使用两步特征选择技术鉴定酿酒酵母中的复制原点。

Identify origin of replication in Saccharomyces cerevisiae using two-step feature selection technique.

机构信息

Key Laboratory for NeuroInformation of Ministry of Education, School of Life Science and Technology and Center for Informational Biology, University of Electronic Science and Technology of China, Chengdu, China.

Innovative Institute of Chinese Medicine and Pharmacy, Chengdu University of Traditional Chinese Medicine, Chengdu, China.

出版信息

Bioinformatics. 2019 Jun 1;35(12):2075-2083. doi: 10.1093/bioinformatics/bty943.

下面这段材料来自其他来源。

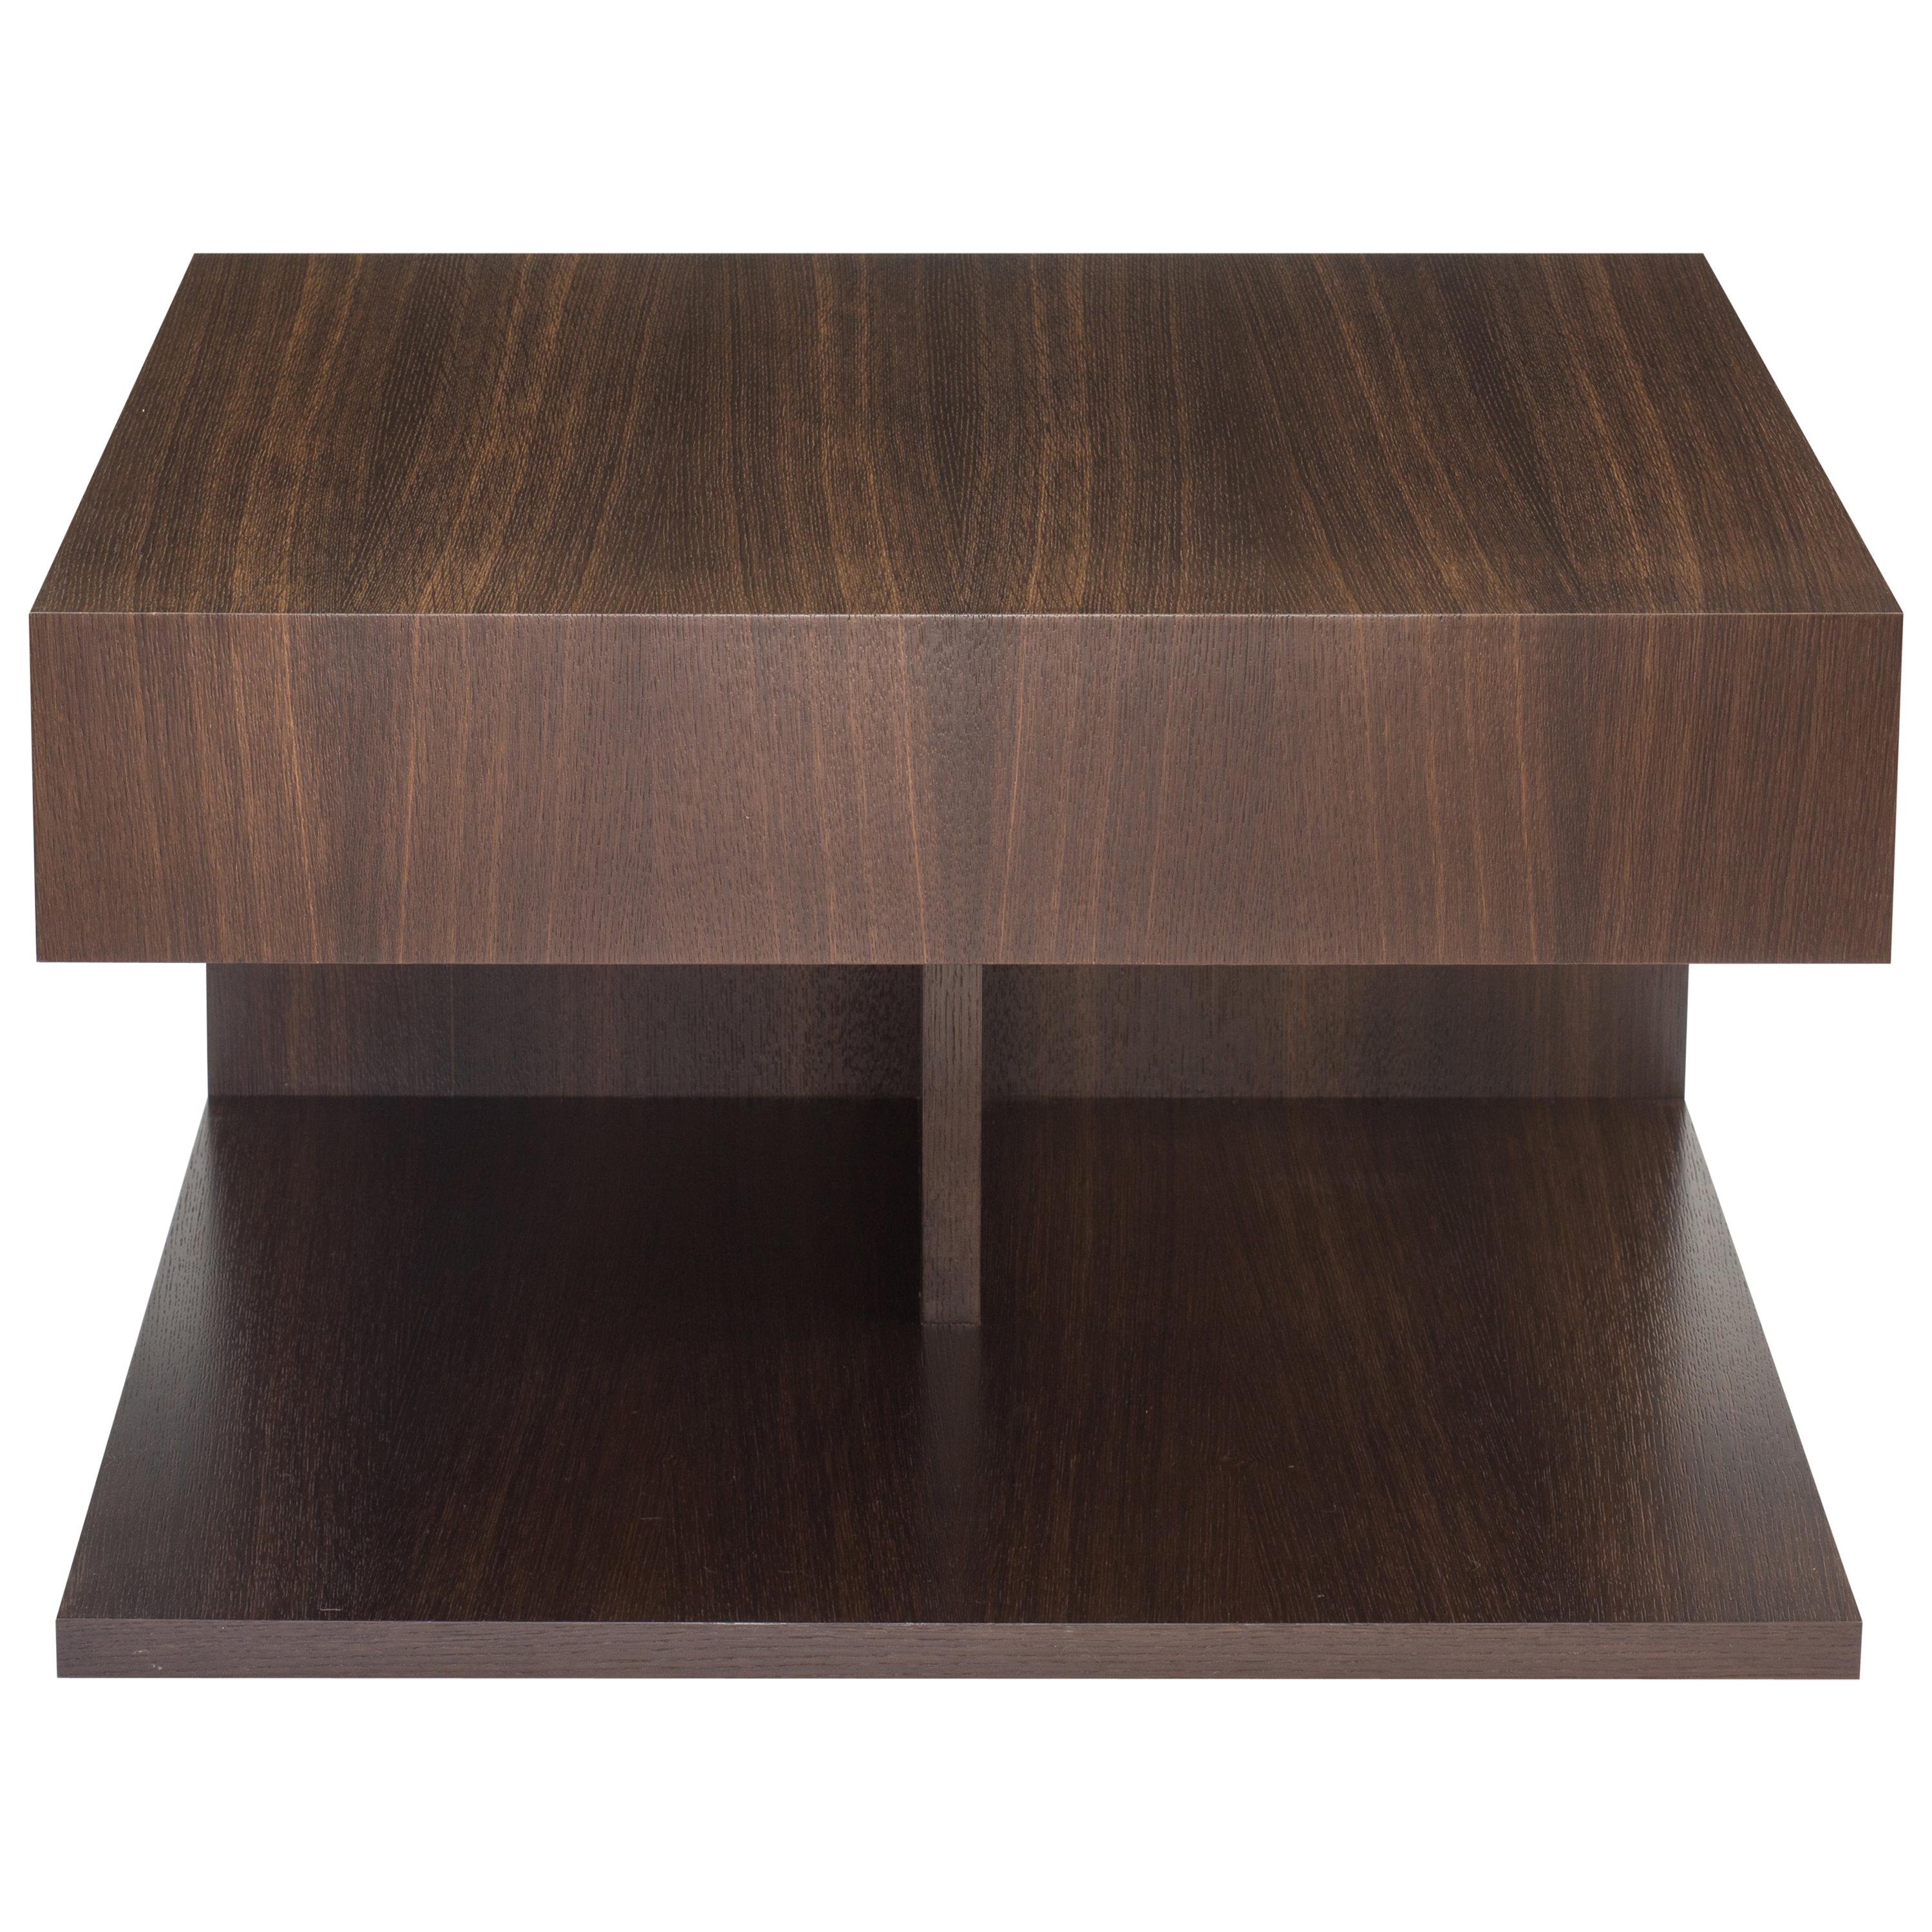 Modern Wood End Table in Fumed Ebony Oak, by Studio DiPaolo

DOI:10.1093/bioinformatics/bty943

PMID:30428009

Abstract

MOTIVATION

DNA replication is a key step to maintain the continuity of genetic information between parental generation and offspring. The initiation site of DNA replication, also called origin of replication (ORI), plays an extremely important role in the basic biochemical process. Thus, rapidly and effectively identifying the location of ORI in genome will provide key clues for genome analysis. Although biochemical experiments could provide detailed information for ORI, it requires high experimental cost and long experimental period. As good complements to experimental techniques, computational methods could overcome these disadvantages.

RESULTS

Thus, in this study, we developed a predictor called iORI-PseKNC2.0 to identify ORIs in the Saccharomyces cerevisiae genome based on sequence information. The PseKNC including 90 physicochemical properties was proposed to formulate ORI and non-ORI samples. In order to improve the accuracy, a two-step feature selection was proposed to exclude redundant and noise information. As a result, the overall success rate of 88.53% was achieved in the 5-fold cross-validation test by using support vector machine.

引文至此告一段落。